Clarence Brown Theatre uses sign language to reach audiences

The holidays bring us many time honored traditions. One that many look forward to is Charles Dickens' classic A Christmas Carol performed at The Clarence Brown Theatre.

"It's a famous story I think largely because of the hope for redemption that it offers. There is always the possibility for change and change may come in all shapes and sizes and quite unexpectedly."

More recently The Clarence Brown Theatre has taken steps to expand its performances to a greater audience. "We are reaching out to a lot of different groups and one of them is the deaf community. We're trying to make an effort to open up the door to the theatre to as many people as we can, make it both accessible and something they look forward to."

Dr. David Smith of the UT Center on Deafness is excited for the performance. "Oh yes, I'm very excited about this play. Really it's nice that they we're able to provide the access to the deaf community for this Christmas classic, A Christmas Carol.
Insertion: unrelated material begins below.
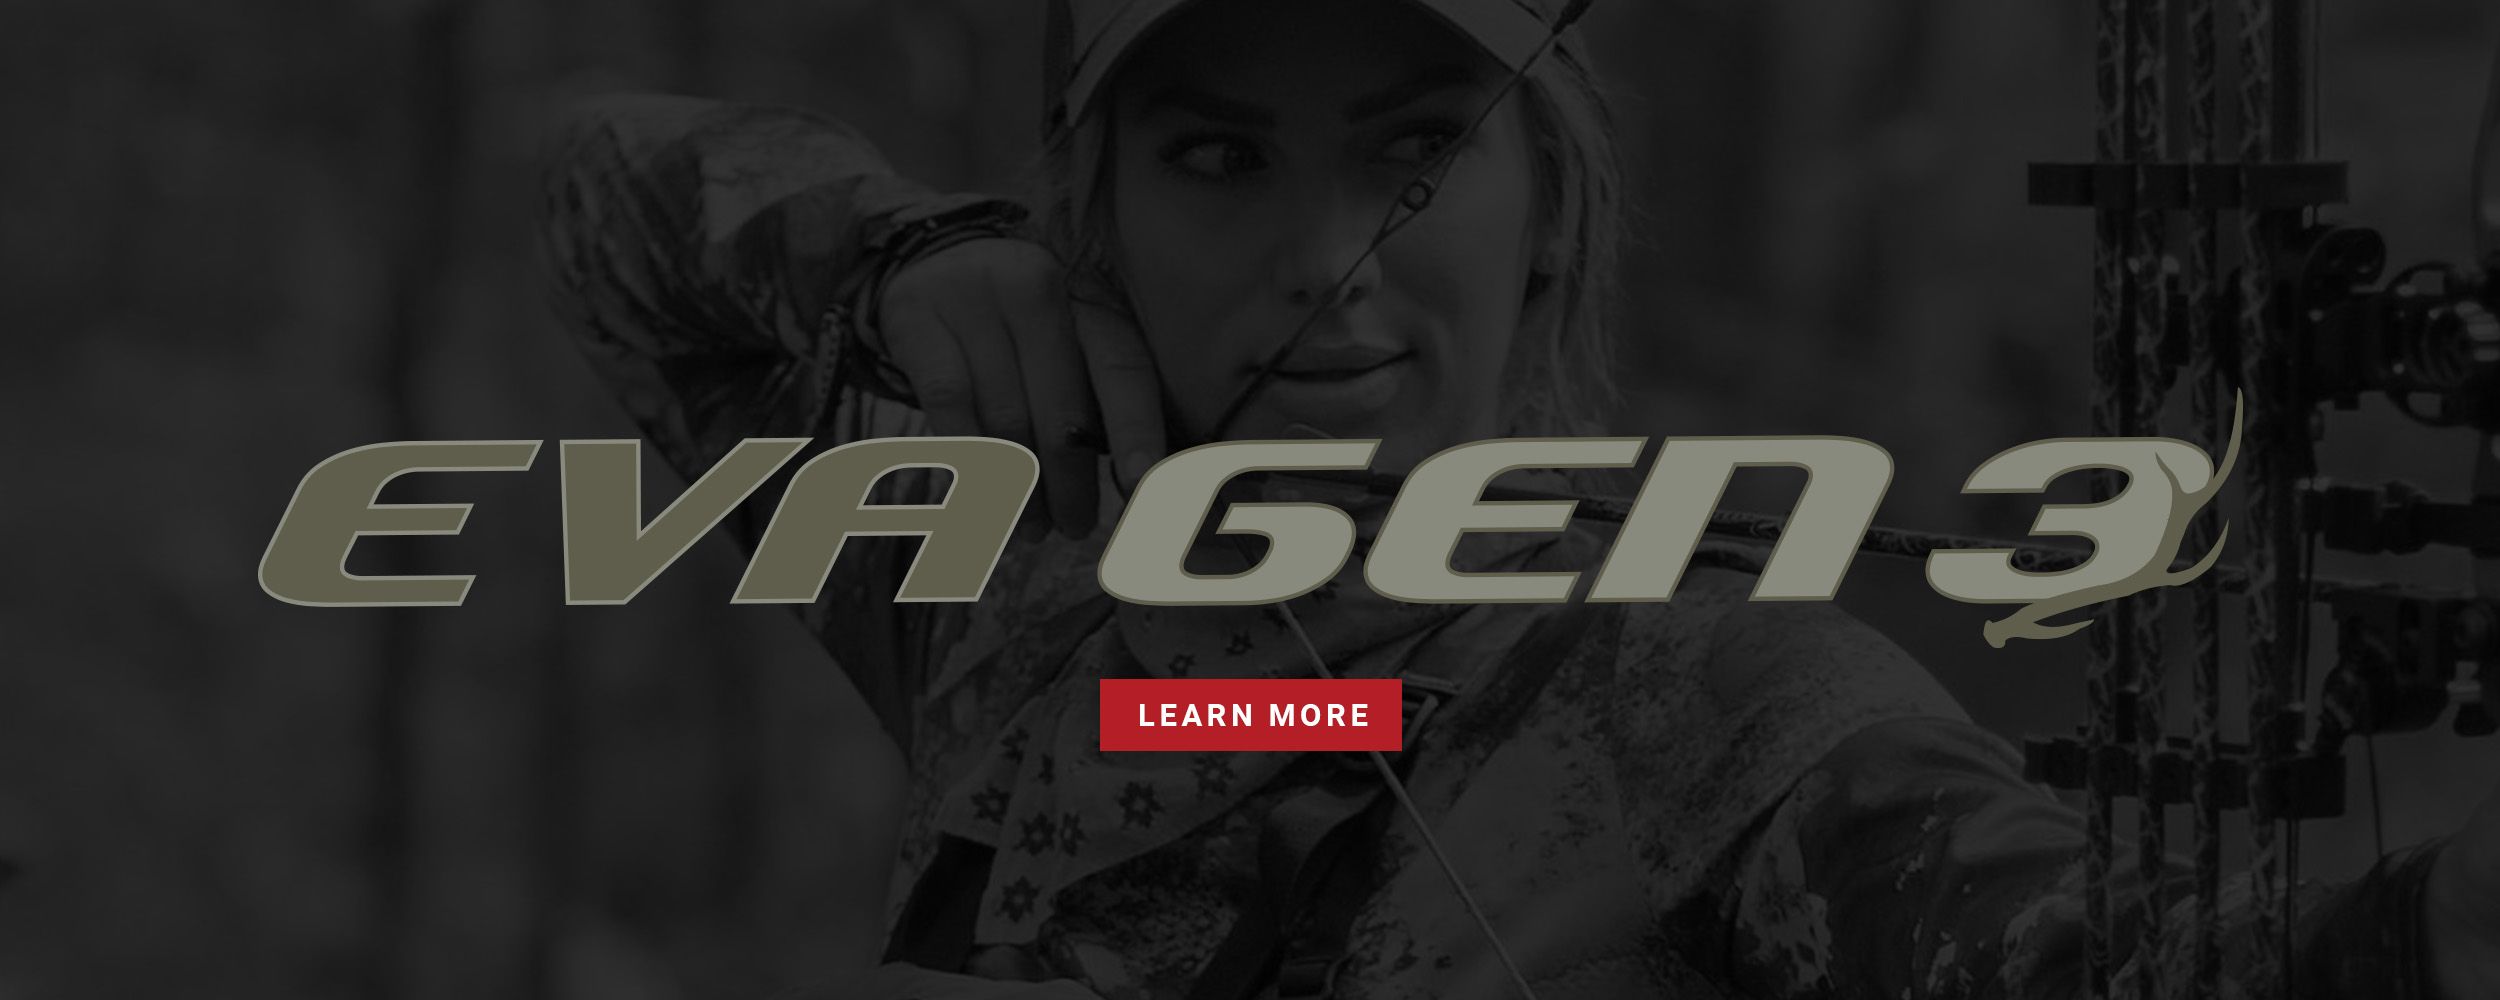 eva gen 3 banner with learn more button

I will be bringing my own family tonight as well and that's wonderful to be able to enjoy this show together."

Multiple interpreters use sign language to communicate the dialogue to the audience."We get the scripts a couple of months ahead of time and we sit down and analyze the text. Since this is Charles Dickens, the language is a bit of a challenge because there are things said in this play that you would never hear in your everyday life."

The challenges don't end there. The interpreters are responsible for relaying dialogue from multiple characters, lyrics to songs, all with their backs turned to the performance while still trying to convey the mood of the text."We have some really skilled interpreters that will pick up on a lot of emotional things as well. Sometimes they will even steal the show. They don't try to, but it happens."

"It doesn't matter what sort of difficulty we as individuals may have. All of us need to have a kind of a fantasy experience, an immersion into a world beyond our own."